"Амос Оз. Рифмы жизни и смерти" - читать интересную книгу автора

Что же до Рохеле Резник, то не обещал ли ты позвонить ей в ближайшие
дни? Конечно же, позвони, непременно позвони, в самое ближайшее время. Но
ведь ты не получил от нее номера телефона. Не получил, потому что не
попросил. Забыл попросить...
Одна, в своей просто обставленной комнате со светлыми занавесками и
абажуром в стиле макраме, комнате, наполненной тонким ароматом чистоты,
стоит сейчас Рохеле в скромной ночной рубашке перед зеркалом. Она только что
перестелила свою постель, бросив прежнюю рубашку и простыни в бельевую
корзину, и загрустила, увидев свое плоское тело в зеркале на внутренней
стороне дверцы шкафа.
Если бы только грудь моя была такой, как у мамы или сестры, то вся моя
жизнь сложилась бы по-иному. Почему я не позволила ему прийти? Ведь он, в
своем вежливо-отеческом стиле, настоятельно просил, чтобы я его пригласила.
Я могла сказать ему "заходите". Могла приготовить чай или аргентинское мате.
А может, даже легкий ужин. Могла бы, раз ему так понравилось мое чтение,
сказать, что я еще и пою. Могла бы даже спеть ему. Или, включив подходящую
музыку, пить с ним кофе или мате. И оба мы могли бы вдруг...
Уж точно, ни одна женщина в мире не откажет ему, и только я,
недотепа...
А теперь уж никогда, никогда...
А теперь он, конечно, считает меня странной. Не женственной.
Только погляди, Хозелито, только погляди, какая же я дуреха. Такую
дуреху еще поискать... (Эти слова она произнесет вслух, улыбаясь, но готовая
вот-вот расплакаться.)
В ночной рубашке, застегнутой на все пуговицы, в простой ситцевой
рубашке, словно воспитанница интерната прежних времен, худенькая и очень
прямая, сидит она сейчас на уголке своей кровати, под плакатом, призывающим
бороться за мир. Кот свернулся у нее на коленях, и она бесшумно выводит на
спичечных коробках названия городов и стран. (У нее целая коллекция
спичечных коробков из десятков знаменитых гостиниц, в которых она никогда не
бывала: Сен-Мориц, Сен-Тропез, Сан-Марино, Монтре, Сан-Ремо, Лугано...)
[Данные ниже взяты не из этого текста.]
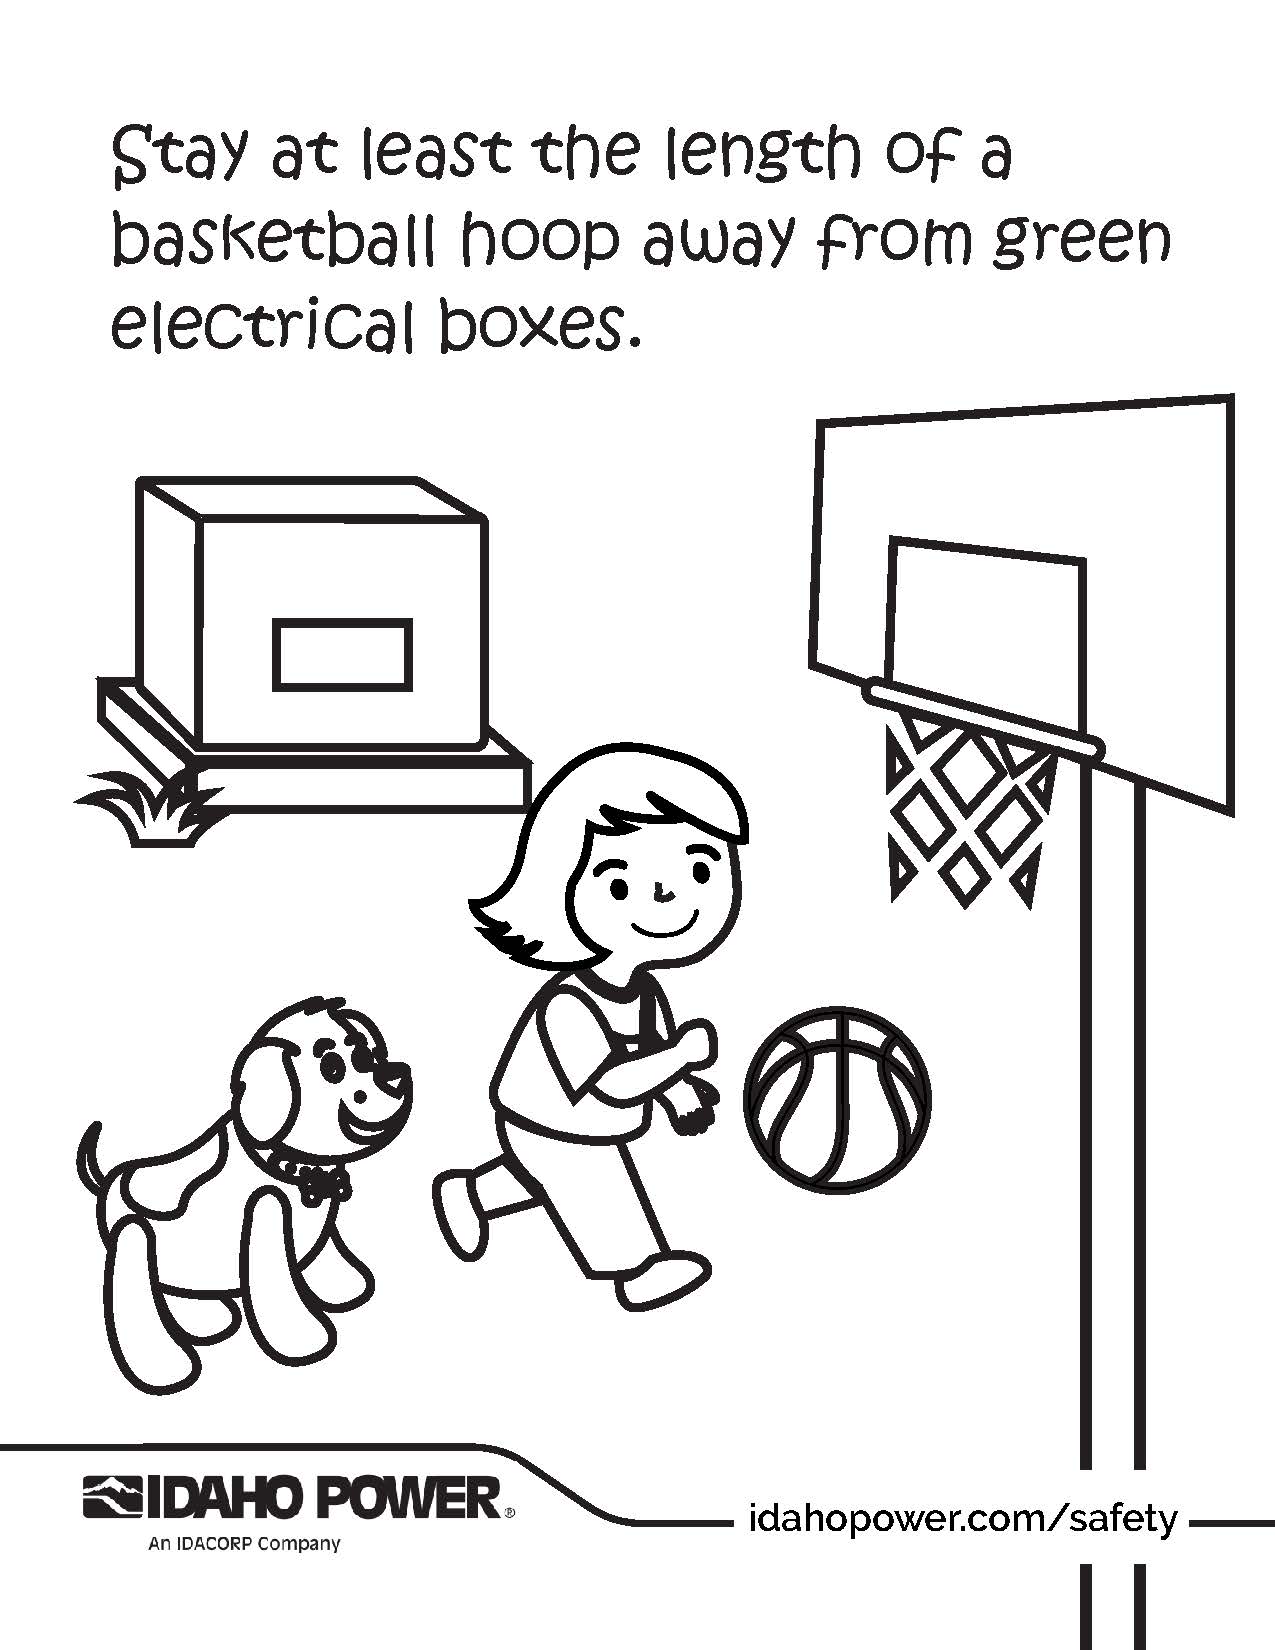 Coloring page of a girl playing basketball that says, Stay at least the length of a basketball hoop away from green electrical boxes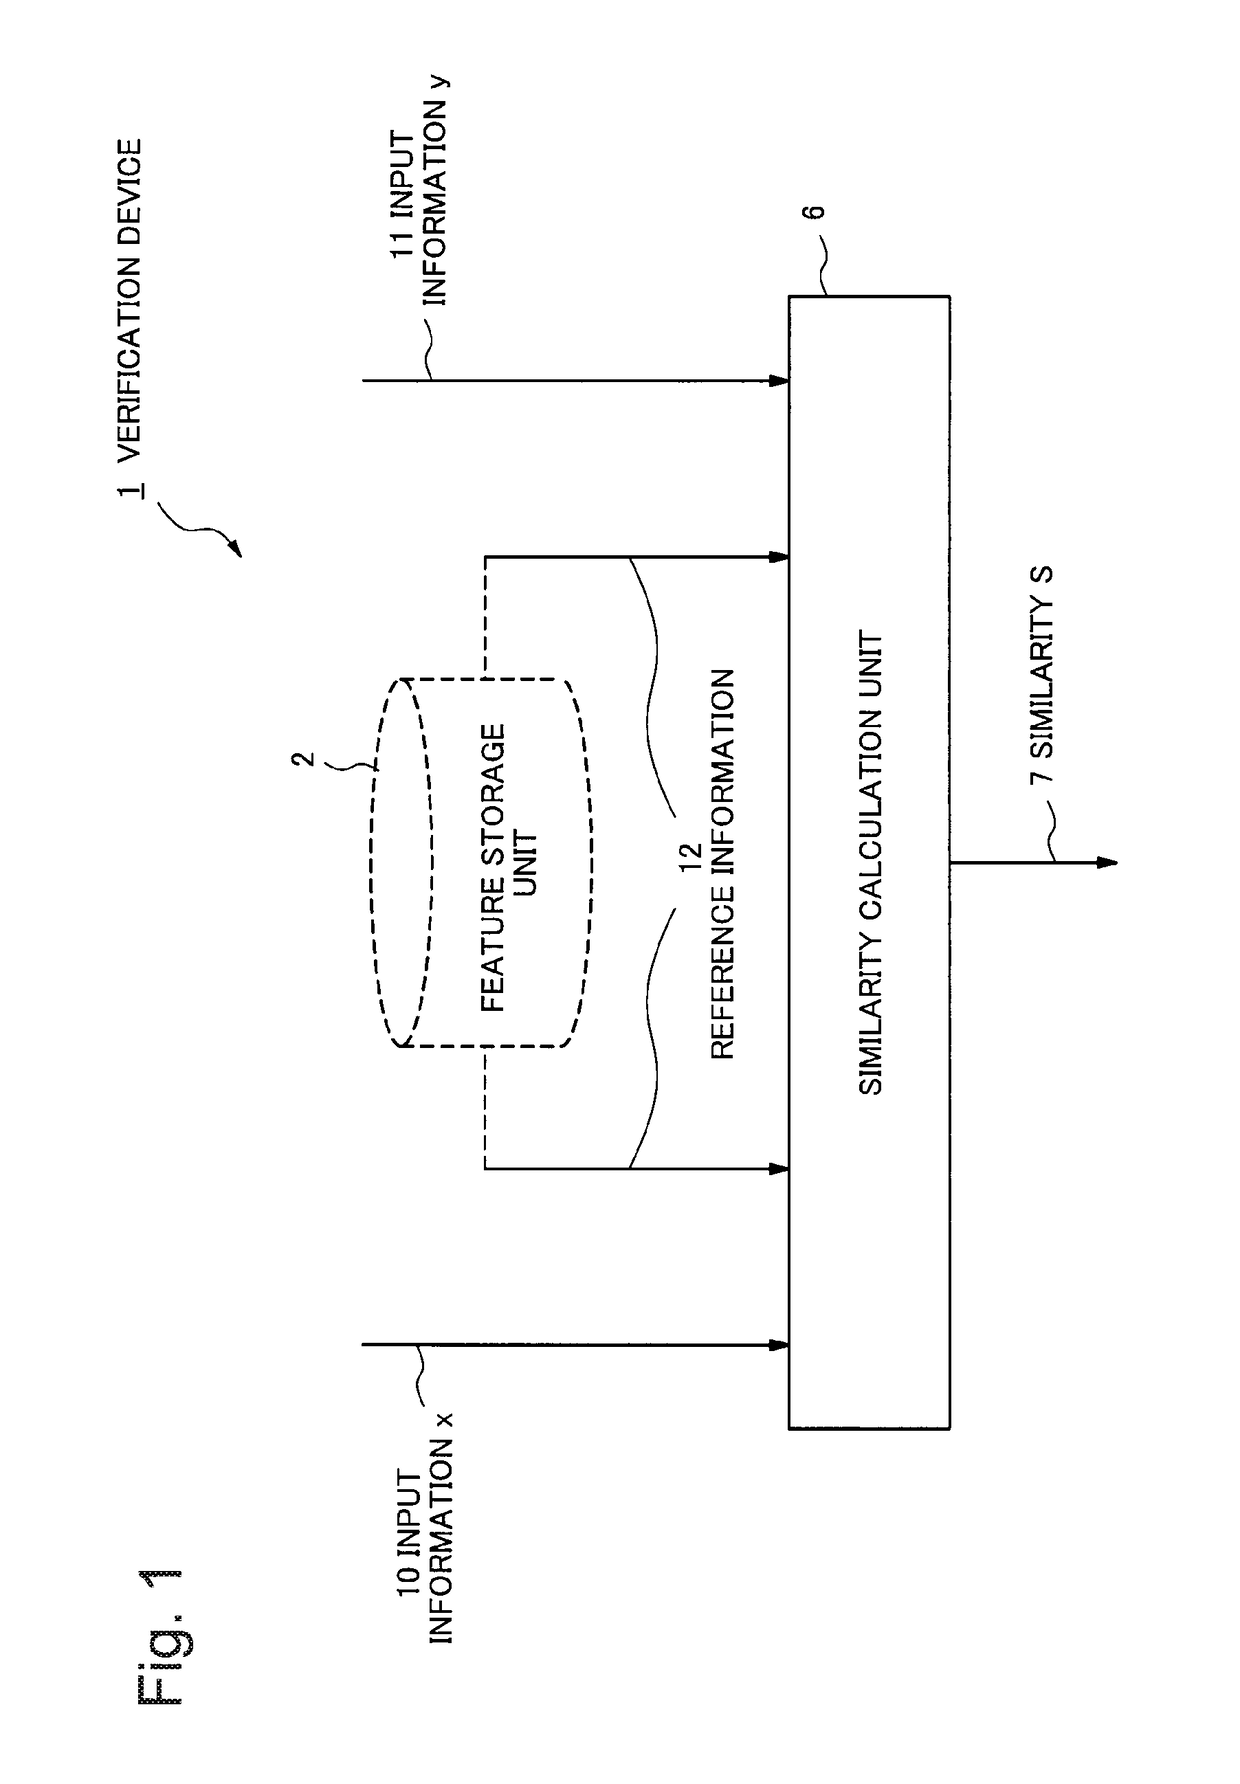 Verification device and control method for verifiction device, as well as computer program

Однако, что же он хотел сказать, этот писатель?
Рохеле Резник по-прежнему сидит на кровати, прямо на одеяле, косу свою
она давно расплела, ноги поджала под себя, из-под ночной рубашки видны ее
белые трусики, но их никто не увидит: занавески не отправлены в стирку, и
они хорошо закрывают окна от взглядов соседей. Рохеле знает, что писатель на
самом деле в этот вечер давал ей что-то понять, в его словах крылся некий
подтекст, а она ничего не поняла. Теперь она будет сидеть так еще
час-полтора, даже не думая о сне и напряженно пытаясь уразуметь, что же он
имел в виду. Что кроется за рассказом о женщине-фармацевте, открывшей ему в
детстве тайны ядов? О том, как прятали красавицу-племянницу Троцкого? О
матери, которая хотела, чтобы сын ее хотя бы один раз увидел живого
писателя? О дяде, который побил члена Кнесета?..
Вдруг взгляд ее останавливается на ручке двери: на секунду ей
показалось, что ручка тихонько движется вверх, словно сомневающаяся рука
пытается проверить, не забыли ли закрыть дверь на замок. Не насильник ли
это, орудующий в подъездах и на лестничных площадках?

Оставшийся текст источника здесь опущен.